The Court is cognizant that “courts have indeed at times overstated the scope of the
economic loss doctrine by stating it as an absolute rule (and therefore without exceptions) or by
referring to tort claims generally (instead of to negligence and strict liability claims).” In re
Syngenta AG MIR 162 Corn Litig., 131 F. Supp. 3d 1177, 1195 (D. Kan. 2015). Although the
Court originally reasoned that Vogt had failed to provide authority showing an exception under
the economic loss doctrine for a conversion claim like his, the Court’s survey of Missouri case
law raised in the parties’ briefing illustrates that the proper question is, instead, whether there is
authority extending the doctrine’s application to a conversion claim like Vogt’s. There is not. In
sharp contrast to the few cases cited by the parties in which Missouri’s economic loss doctrine
did apply, Vogt does not allege claims for product or construction defects, nor does he allege that
State Farm negligently performed its contractual duties.1 Cf., e.g., Crowder v. Vandendeale, 564
S.W.2d 879, 881 (Mo. banc 1978) (finding that a subsequent purchaser of a house could not sue
the builder to recover the deterioration of the house caused by latent structural defects because
the builder had no duty other than its contractual obligations under the theory of the implied
warranty of habitability to protect the owners from deterioration). This historically narrowly
applied doctrine cannot be broadly expanded to apply to Vogt’s conversion claim.

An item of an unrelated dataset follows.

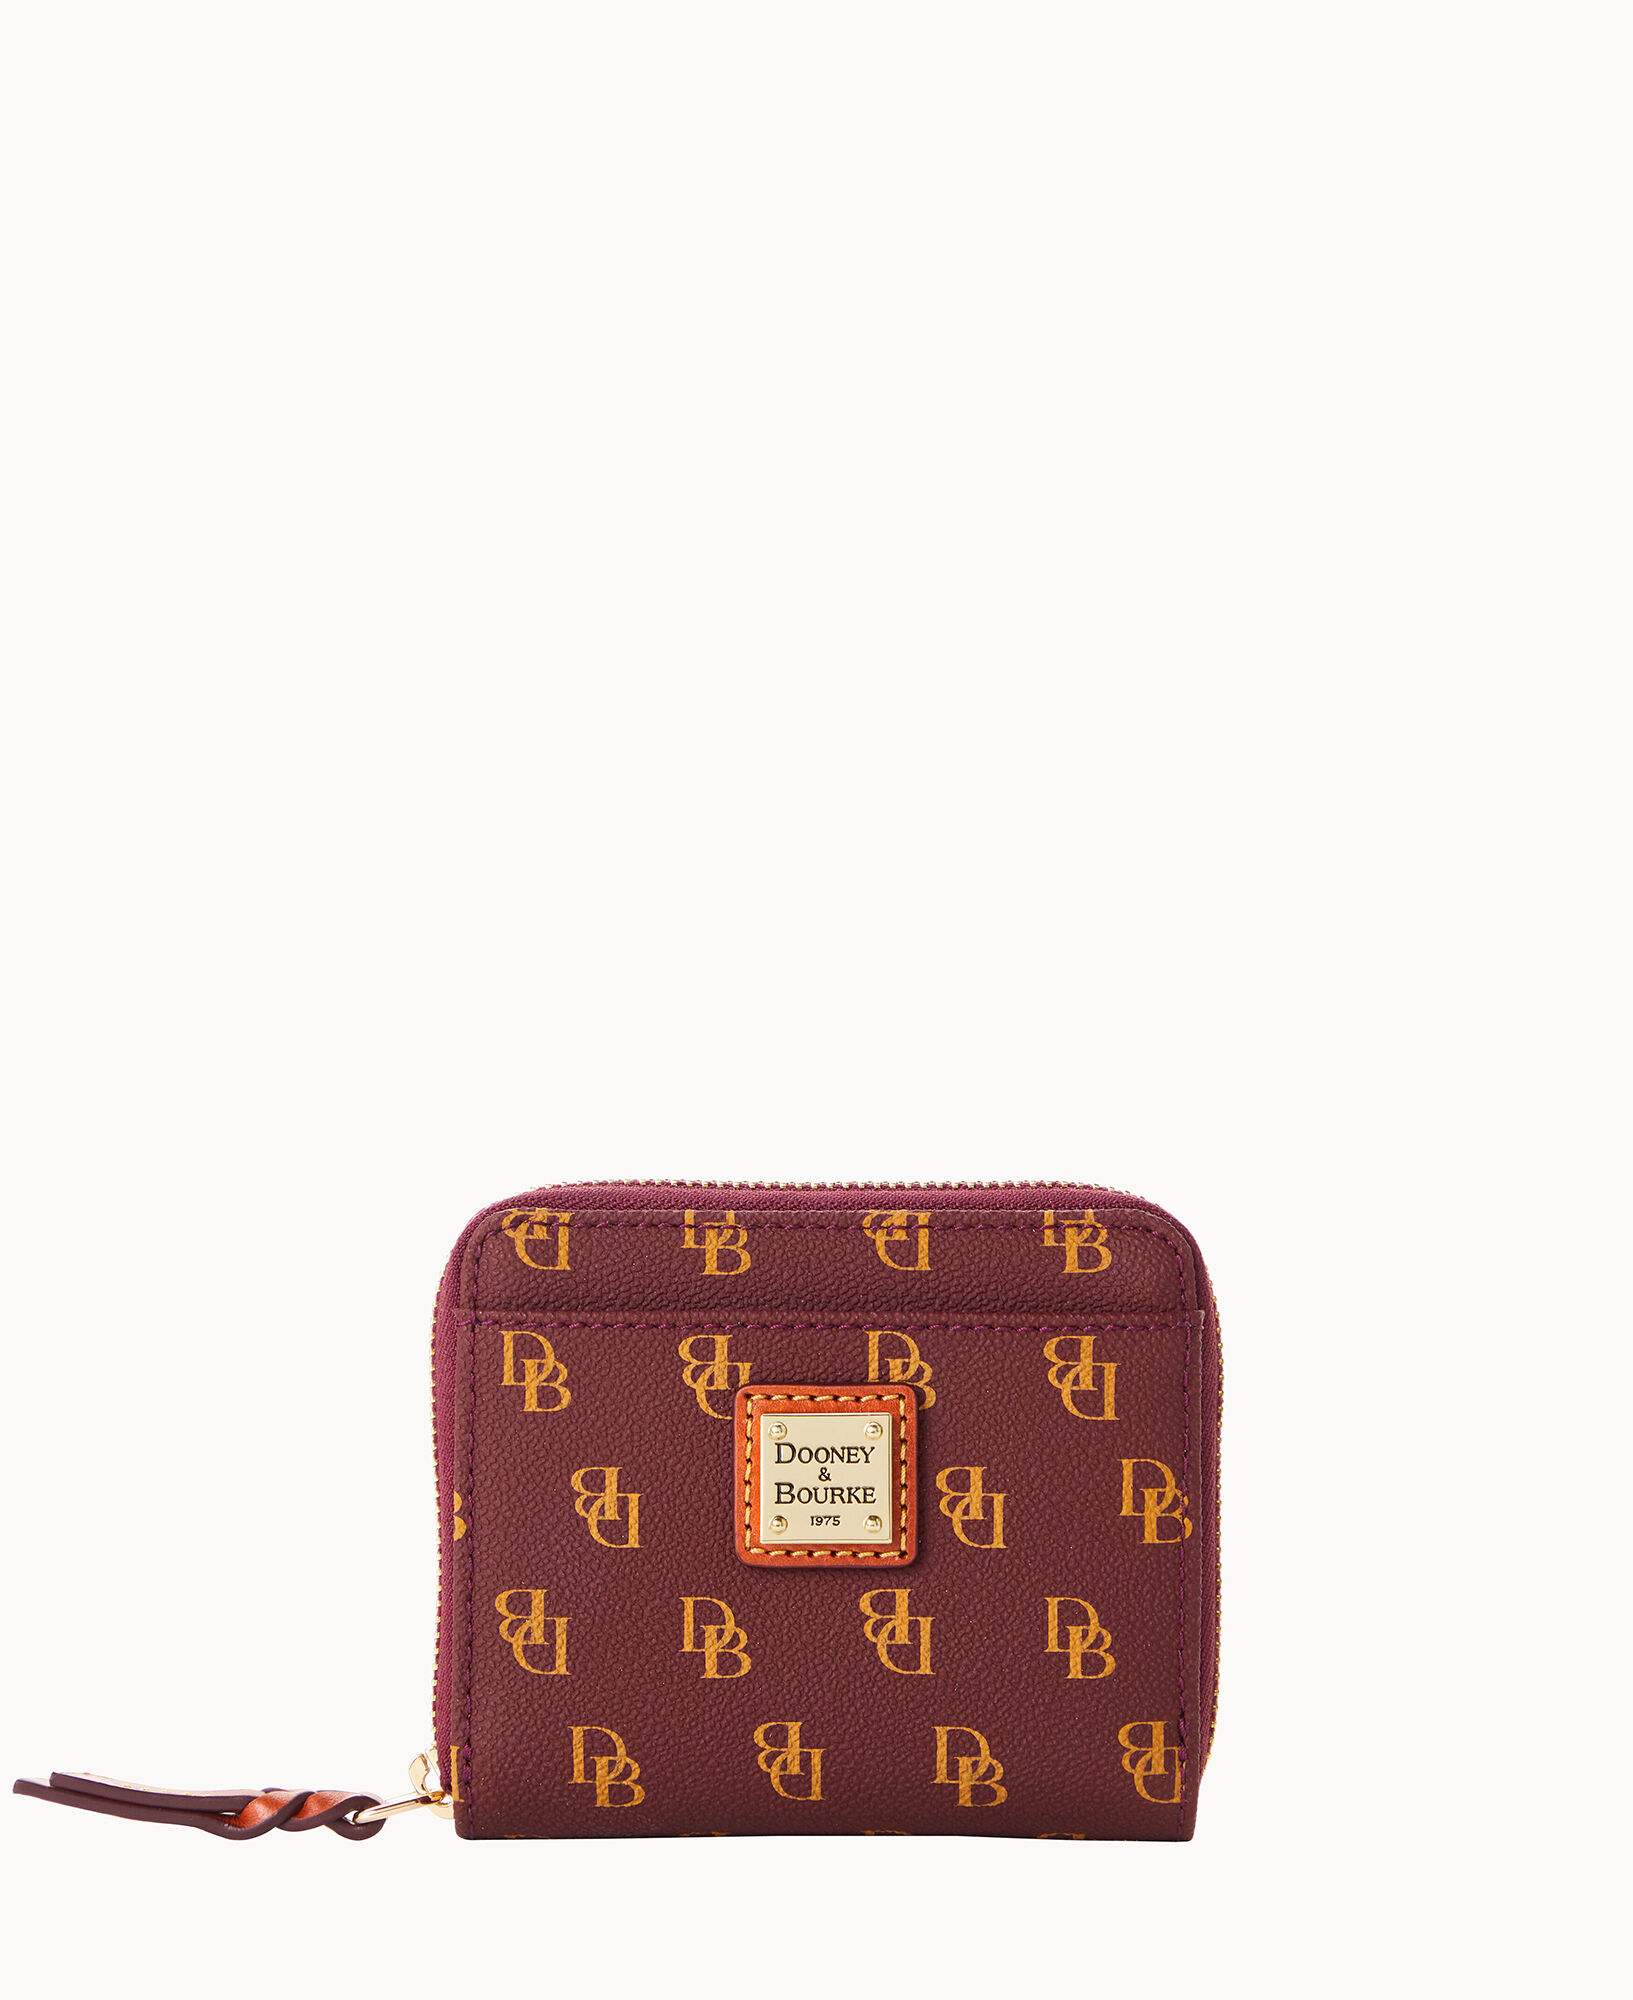 Louis Vuitton Handbag And Matching Wallet for Sale in Norfolk, VA

As Vogt correctly points out, Missouri courts have never extended the economic loss
doctrine beyond the doctrine’s traditional moorings as policing the boundaries between warranty
and negligence/strict liability to a claim for conversion. See, e.g., Renaissance Leasing, LLC v.
Vermeer Mfg. Co., 322 S.W.3d 112, 130-31 (Mo. banc 2010) (“Under Missouri law, remedies
for economic loss sustained by reason of damage to or defects in products sold are limited to
those under the warranty provisions of the UCC.”); Sharp Bros. Contracting Co. v. Am. Hoist &
Derrick Co., 703 S.W.2d 901, 903 (Mo. banc 1986) (The economic loss doctrine denies
“recovery on a theory of strict liability in tort, as a matter of policy, where the only damage is to
the product sold”). State Farm does not offer any authority to the contrary, nor does it offer
authority suggesting that the Missouri Supreme Court would extend the economic loss doctrine
beyond these traditional applications. Cf. Davidson v. Hess, 673 S.W.2d 111, 113 (Mo. Ct. App.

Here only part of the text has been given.